Exercise goal.
Your task is to repeat the entries word for word while leaving out the pictures.

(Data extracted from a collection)
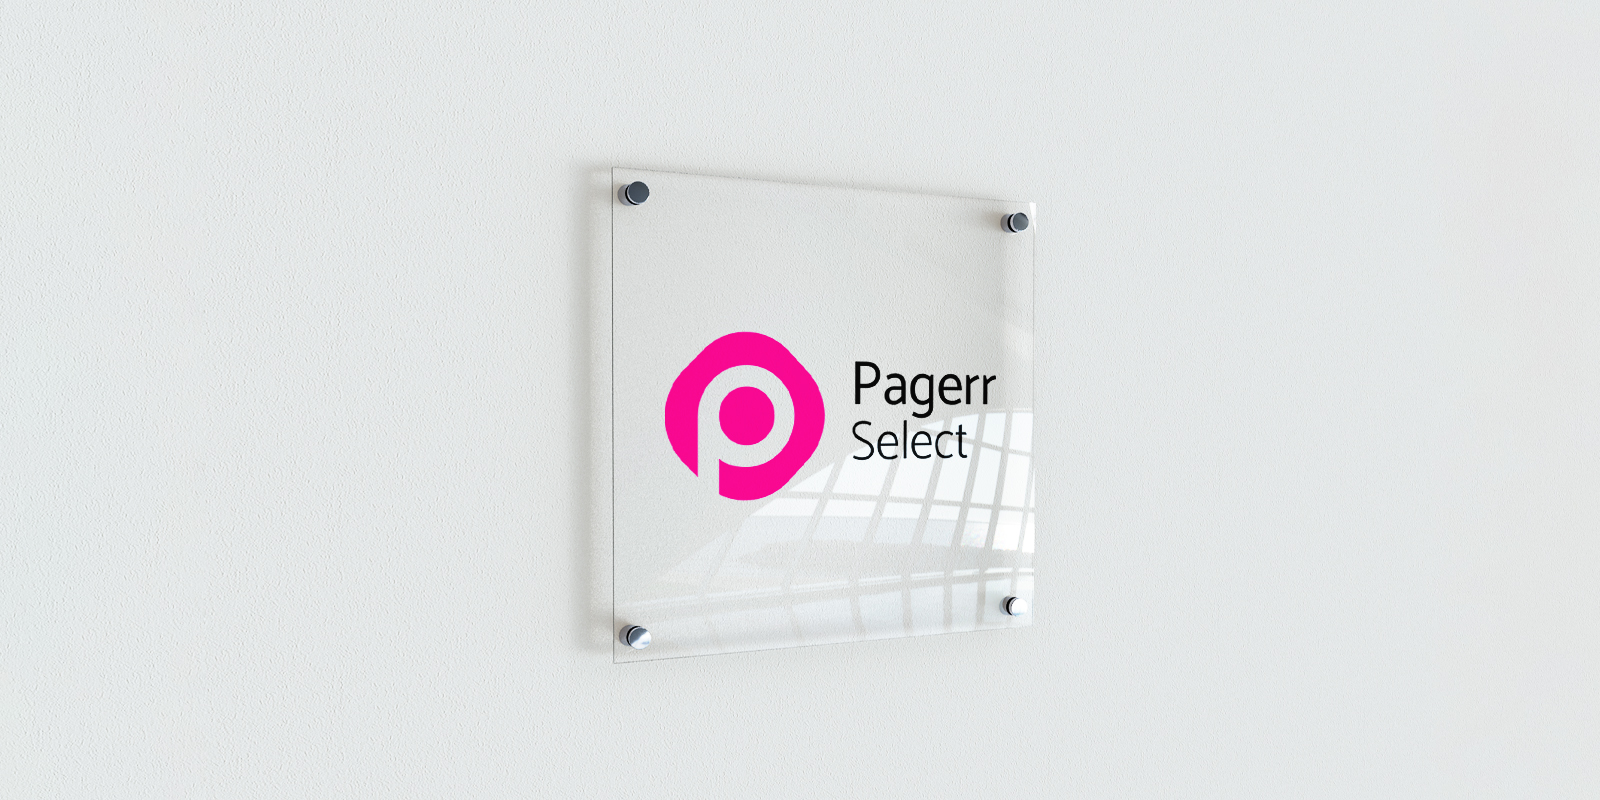 Acrylic signs in Melbourne - Print with Pagerr
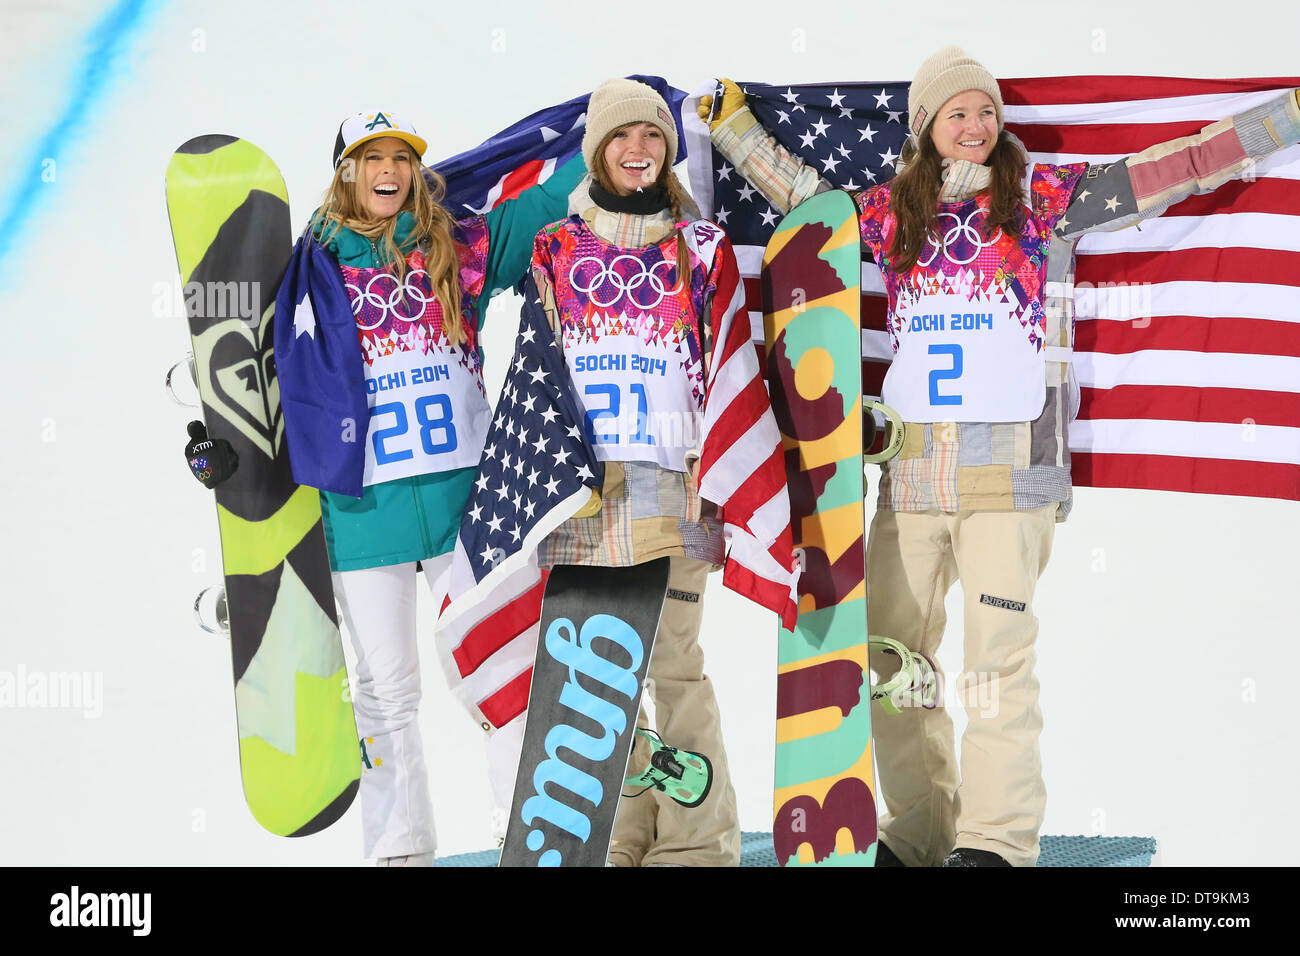 Torah Bright (AUS) celebrates with Kaitlyn Farrington (USA) and Kelly Clark (USA) at the flower ceremony for the women's halfpipe at the Sochi 2014 Winter Olympic Games. Australian Bright won the silver medal with Americans Farrington taking gold and Clark bronze. (Photo Yutaka/AFLO) medallist Kelly Clark (left) and gold medallist Kaitlyn Farrington, both from the US. Stock Photo
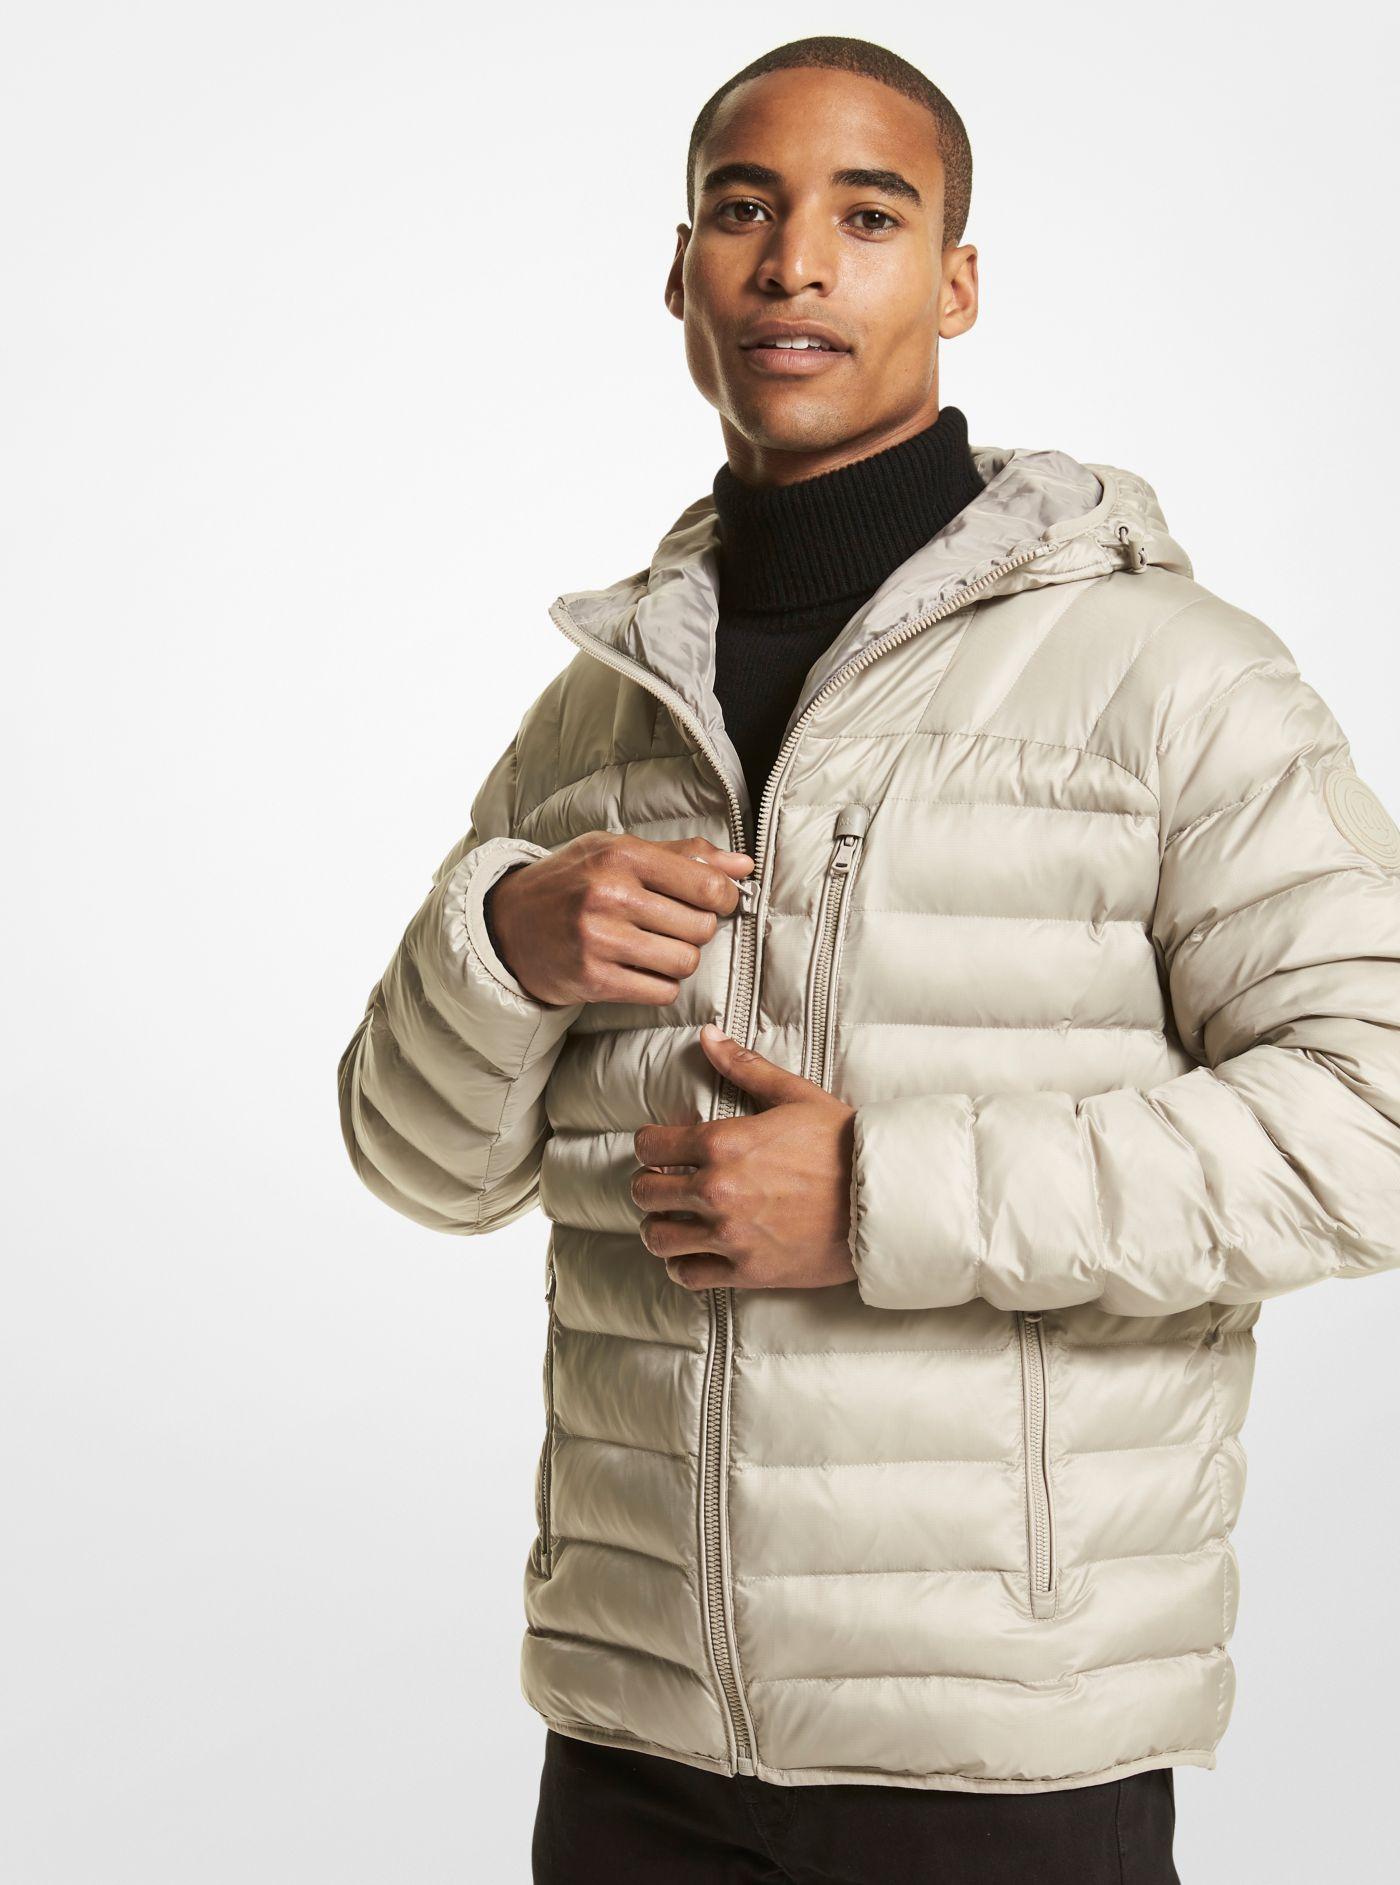 How To Wear Puffer Jacket Mens | lupon.gov.ph
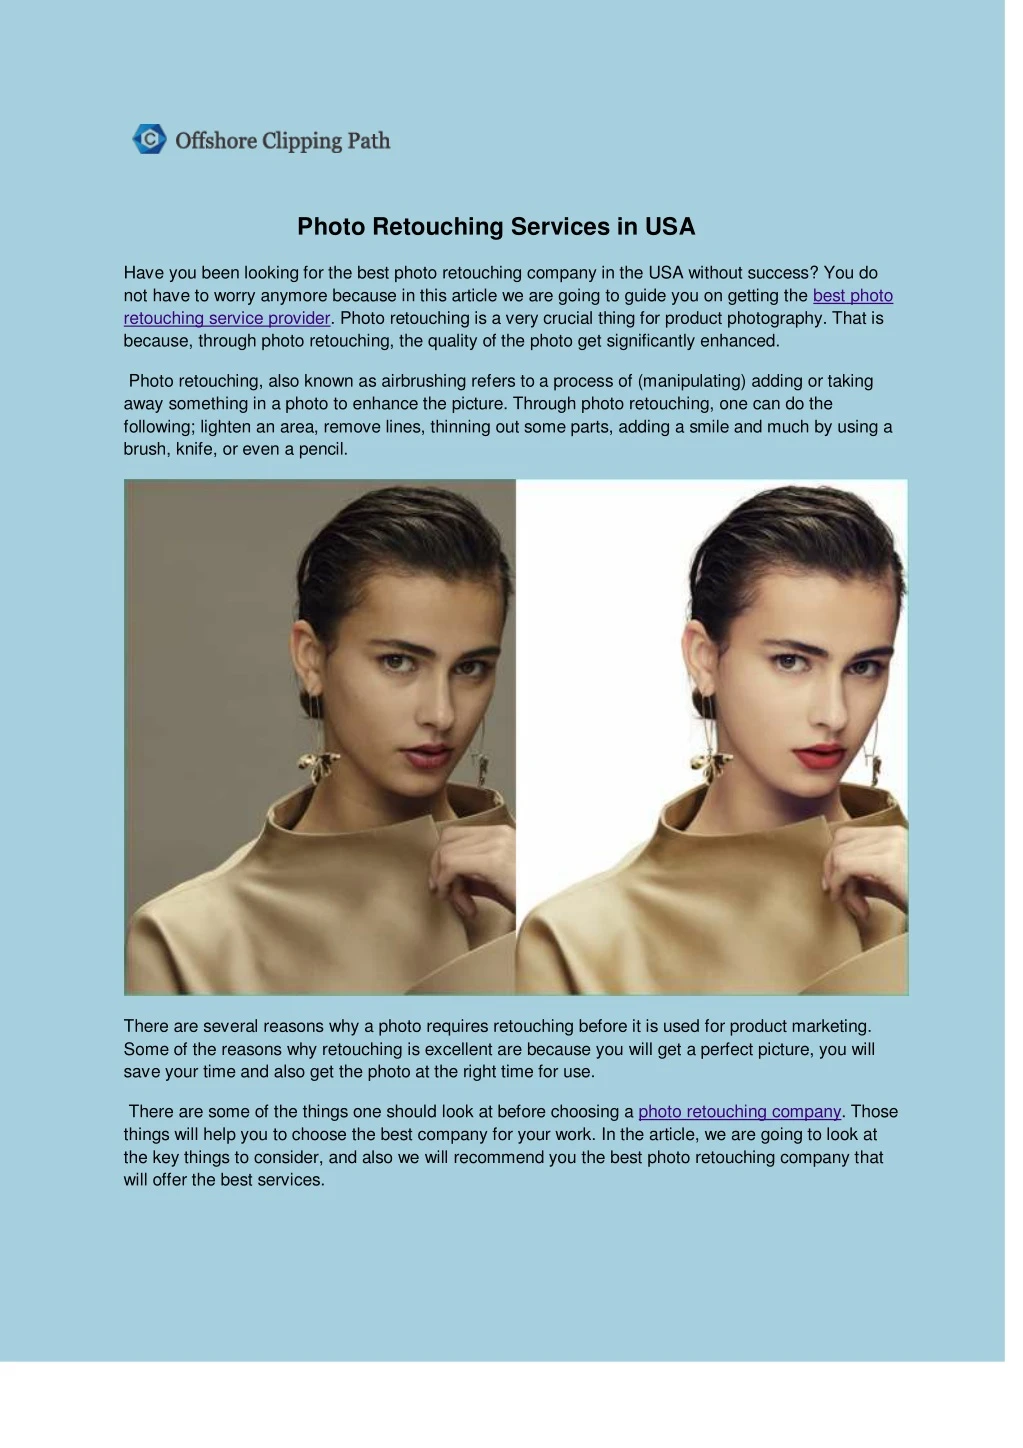 photo retouching services in usa
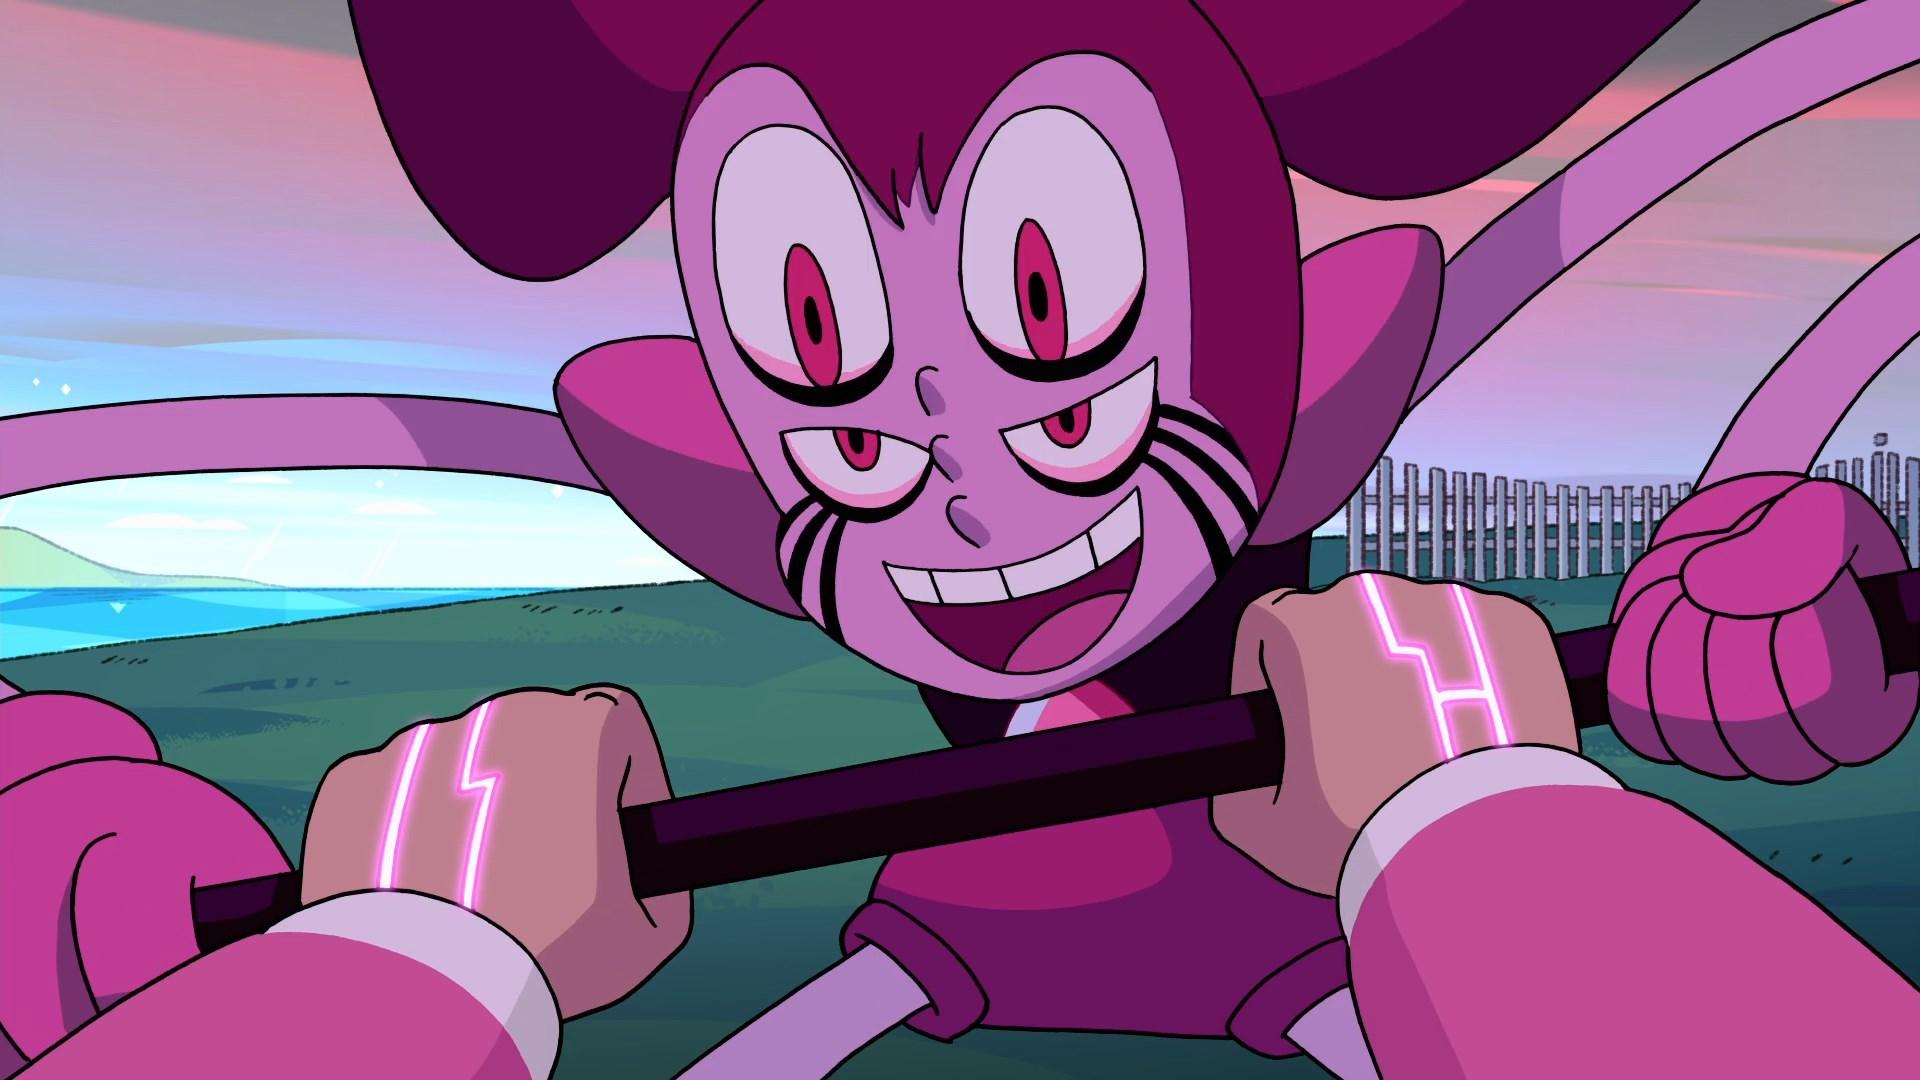 Spinel was a fusion the whole time

Output of the exercise.
 Acrylic signs in Melbourne - Print with Pagerr
 Torah Bright (AUS) celebrates with Kaitlyn Farrington (USA) and Kelly Clark (USA) at the flower ceremony for the women's halfpipe at the Sochi 2014 Winter Olympic Games. Australian Bright won the silver medal with Americans Farrington taking gold and Clark bronze. (Photo Yutaka/AFLO) medallist Kelly Clark (left) and gold medallist Kaitlyn Farrington, both from the US. Stock Photo
 How To Wear Puffer Jacket Mens | lupon.gov.ph
 photo retouching services in usa
 Spinel was a fusion the whole time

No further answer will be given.